The initial clinical data of patients with sepsis admitted to the hospital (including population characteristics, clinical diagnosis, complications, and laboratory tests) were used to predict ARDS, and screen out the crucial variables. After comparing eight different algorithms, namely, XG boost, logistic regression, light GBM, random forest, GaussianNB, complement NB, support vector machine (SVM), and K nearest neighbors (KNN), rebuilding a prediction model with the best one. When remodeling with the best algorithm, 10% was randomly selected to test, and the remaining was trained for cross-validation. Using the area under the curve (AUC), sensitivity, accuracy, specificity, positive and negative predictive value, F1 score, kappa value, and clinical decision curve to evaluate the model's performance. Eventually, the application in the model illustrated by the SHAP package.

RESULTS

Ten critical features were screened utilizing the lasso method, namely, PaO/PAO, A-aDO, PO(T), CRP, gender, PO, RDW, MCH, SG, and chlorine. The prior ranking of variables demonstrated that PaO/PAO was the most significant variable. Among the eight algorithms, the performance of the Gaussian NB algorithm was significantly better than that of the others. After remodeling with the best algorithm, the AUC in the training and validation sets were 0.777 and 0.770, respectively, and the algorithm performed well in the test set (AUC = 0.781, accuracy = 78.6%, sensitivity = 82.4%, F1 score = 0.824). A comparison of the overlap factors with those of previous models revealed that the model we developed performs better.

CONCLUSION

Sepsis-associated ARDS can be accurately predicted early via a machine learning model based on existing clinical data. These findings are helpful for accurate identification and improvement of the prognosis in patients with sepsis-associated ARDS.

摘要

背景

急性呼吸窘迫综合征（ARDS）是严重脓毒症的致命结局。

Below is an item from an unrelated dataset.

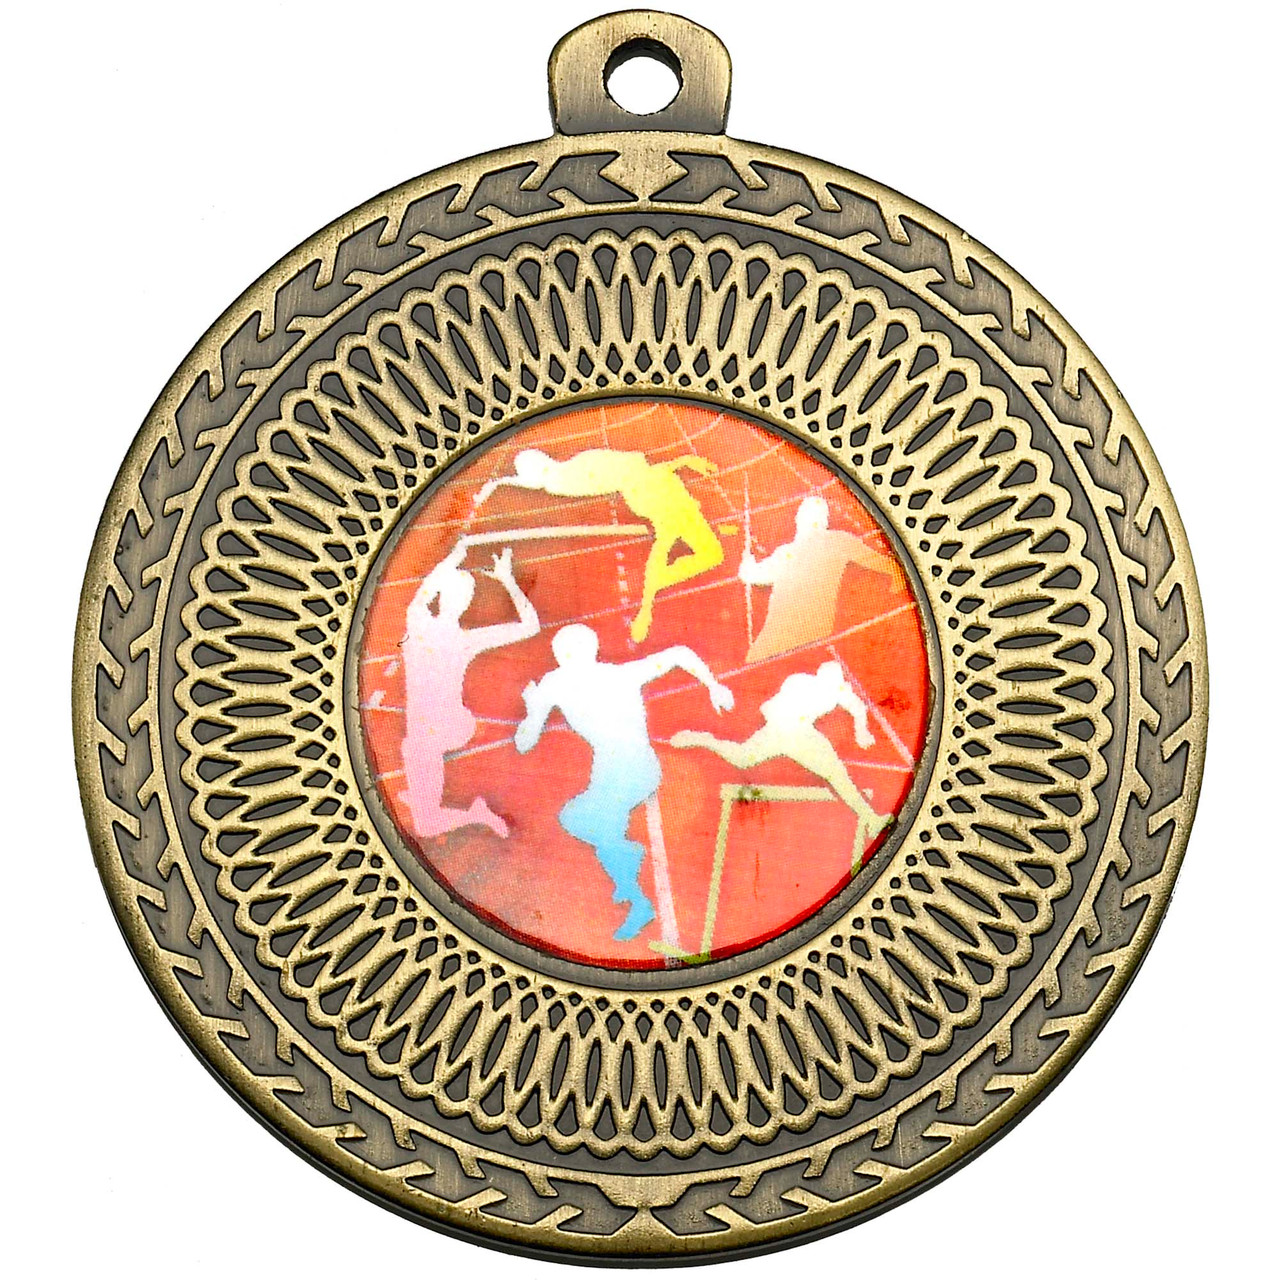 50mm Bronze Multisport Circular Medal Award

机器学习模型有助于在早期准确预测脓毒症患者发生ARDS的情况。

目的

我们旨在开发一种用于预测重症监护病房（ICU）中脓毒症患者发生ARDS的机器学习模型。

方法

利用入住医院的脓毒症患者的初始临床数据（包括人口统计学特征、临床诊断、并发症和实验室检查）来预测ARDS，并筛选出关键变量。在比较八种不同算法，即XGBoost、逻辑回归、轻量级梯度提升机（Light GBM）、随机森林、高斯朴素贝叶斯（GaussianNB）、互补朴素贝叶斯（complement NB）、支持向量机（SVM）和K近邻（KNN）之后，用最佳算法重建预测模型。在用最佳算法进行重塑时，随机选择10%进行测试，其余数据用于交叉验证。使用曲线下面积（AUC）、灵敏度、准确率、特异性、阳性和阴性预测值、F1分数、kappa值和临床决策曲线来评估模型性能。最终，通过SHAP包展示模型中的应用情况。

结果

利用套索法筛选出10个关键特征，即动脉血氧分压/肺泡气氧分压（PaO/PAO）、肺泡-动脉血氧分压差（A-aDO）、氧输送指数（PO(T)）、C反应蛋白（CRP）、性别、氧分压（PO）、红细胞分布宽度（RDW）、平均红细胞血红蛋白含量（MCH）、血清球蛋白（SG）和氯。变量的优先排序表明，PaO/PAO是最显著的变量。在这八种算法中，高斯朴素贝叶斯算法的性能明显优于其他算法。在用最佳算法进行重塑后，训练集和验证集的AUC分别为0.777和0.770，且该算法在测试集中表现良好（AUC = 0.781，准确率 = 78.6%，灵敏度 = 82.4%，F1分数 = 0.824）。将重叠因子与先前模型的重叠因子进行比较后发现，我们开发的模型表现更好。